Yo, en cambio, no imaginaba cómo podía complicarse más la situación en la que nos hallábamos. El trayecto, que a esa velocidad, duraría no más de diez minutos, se me hacía inacabable. Hubiera preferido conducir para que la carretera desocupara mi mente de otros pensamientos. Cada vez tenía peores sensaciones. Presentía que algo fatal iba a suceder. El miedo me paralizaba, extendiéndose como un virus por toda mi piel. Muchas veces durante mi carrera había sentido miedo, pero pocas con aquella intensidad.

Nueva llamada. Nueva inquietud. Aunque apenas duró medio minuto, el tiempo justo para ofrecer un nuevo detalle, supuse.

—Déjanos junto a la mezquita —le ordenó al taxista.

Este, que había previsto abandonar la autovía por la salida más cercana al castillo, dio un volantazo y tomó la del centro comercial, la misma, caí, que habíamos tomado meses atrás, cuando buscábamos el apartamento en el que se ocultaba Olivia Madueño y que, en efecto, se encontraba muy cerca de la blanca mezquita.

Me pregunté qué pasaría por la cabeza de mis dos compañeros de aventura. Giovanetti disponía de toda la información, y también de los resortes que conceden el poder y el dinero. Supuse que sería el más tranquilo de los tres. Duende también conocía el mundo mágico al que nos enfrentábamos, y por tanto el tamaño de la amenaza. Yo no sabía si eso resultaba mejor o peor, pues ignoraba hasta qué punto alcanzaban aquellos poderes.

—¿Espero aquí? —preguntó el conductor una vez que alcanzamos nuestro destino.

—No, vuelve a tu parada —le respondí mientras le pagaba con un billete de veinte euros—. Si necesitamos ayuda, la comisaría está aquí al lado. Gracias.

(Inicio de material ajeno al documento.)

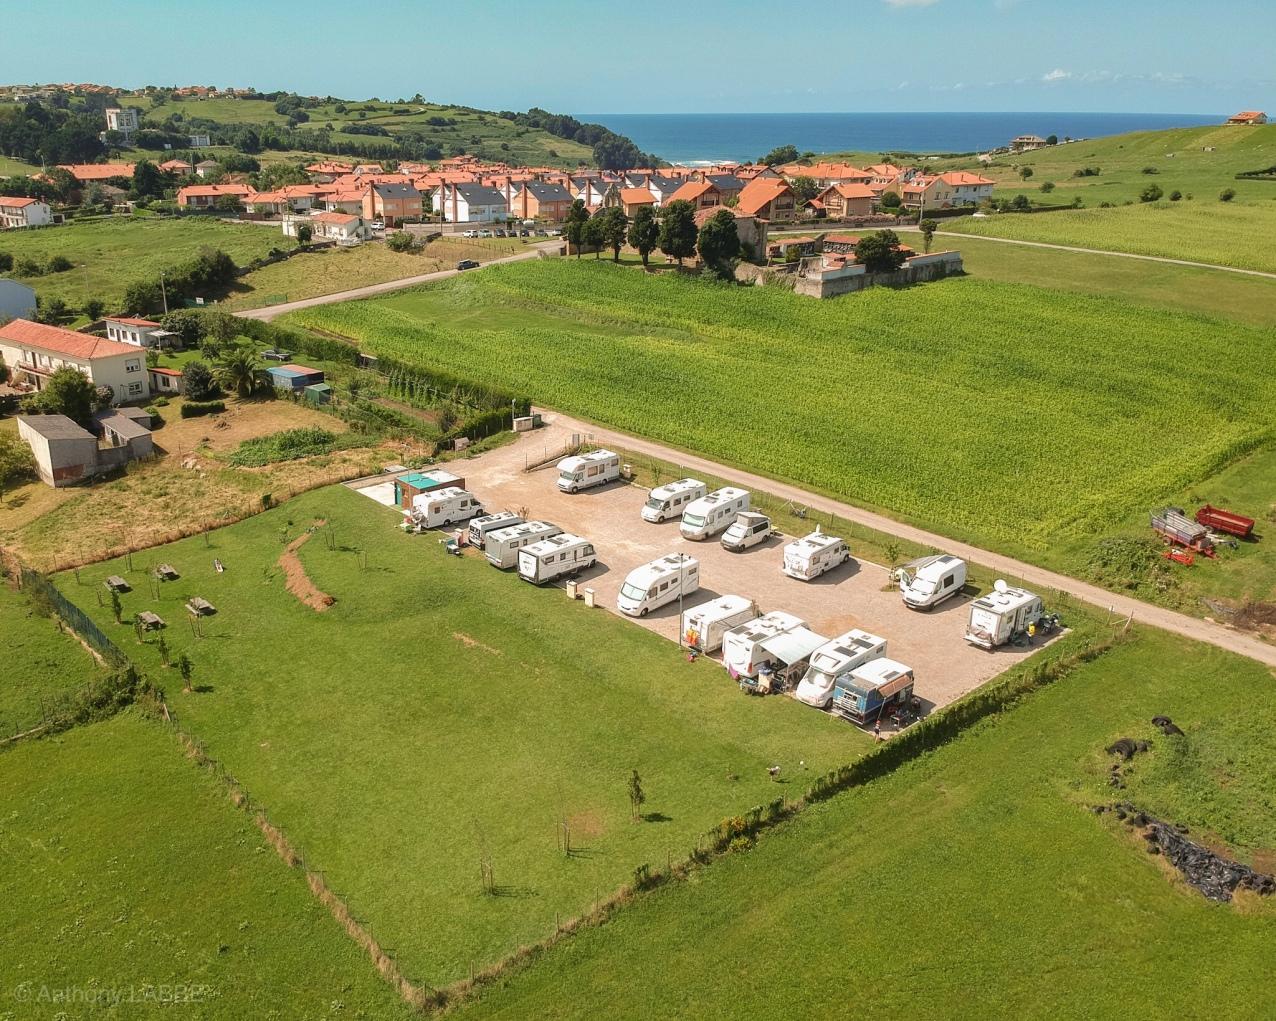 Area de servicio de autocaravanes Las Hazas Cobreces Cantabria Espagne Eté 2018
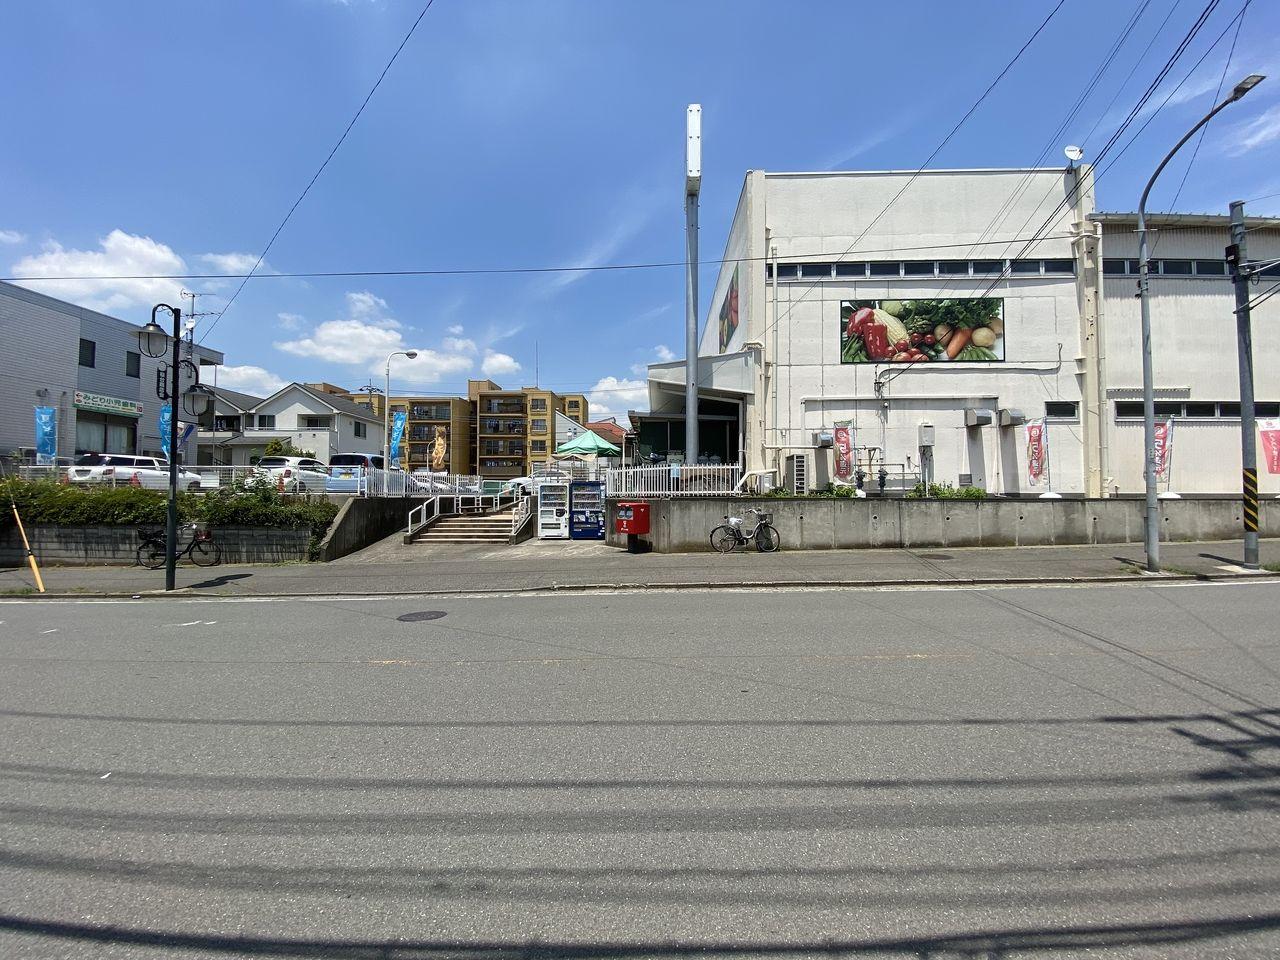 ユーコープ:桜台( 生活協同組合ユーコープ)の入口の様子です。

El joven comprendió que sobraba, y no protestó. Ya había vivido su parte del evento, ahora podría presumir con sus colegas mientras ponía tierra de por medio con el peligro que nos aguardaba.

—Ha habido un nuevo episodio mágico, relacionado con el tiempo y el espacio —reveló el señor Giovanetti en cuanto estuvimos solos—. El segundo se desencadenó, al igual que el primero, sobre el Castillo Sohail. Sin embargo —continuó— parece que todos se dirigen hacia esta zona.

—¿Y cómo puede saber eso? —pregunté inquieto.

—Porque Ariadna está con ellos. Su madre nos dejó algunos objetos suyos, mediante los cuales hemos podido localizarla. Llevo unos días vigilando sus movimientos.

Contuve la respiración. No tenía ni idea de a qué se refería con eso de los objetos para localizarla; pero la revelación de que la niña que llevaba meses buscando, se encontraba a pocos metros, acabó por alterarme del todo.

Por suerte, no tardé en alcanzar ese punto en el que el cansancio reina sobre cualquier otro sentimiento, por importante que parezca. Solo deseaba que todo acabase, sin importarme demasiado el resultado. Si debía morir, o debíamos morir todos, perfecto, pero que ocurriese ya, sin más complicaciones ni absurdos retrasos. Aceptaba cualquier consecuencia, así como mi inutilidad en un momento como aquel, en el que iba a encontrarme con fuerzas cuya dimensión se escapaban a mi conocimiento.

Pasamos por delante de la mezquita y de un solar sin construir que había junto a ella. Antes de girar a la derecha, observamos que tres niñas avanzaban a la carrera por el principio de la calle que subía desde el paseo marítimo. De repente, a la vez que una caía de bruces contra el suelo, otras tres figuras aparecían a toda velocidad.

Nos quedamos paralizados, sin saber a qué respondía exactamente la escena que se desarrollaba ante nuestros ojos, y que parecía sacada de una película de Hollywood.

—¡Vamos! —exclamó Román Giovanetti, corriendo hacia ellas.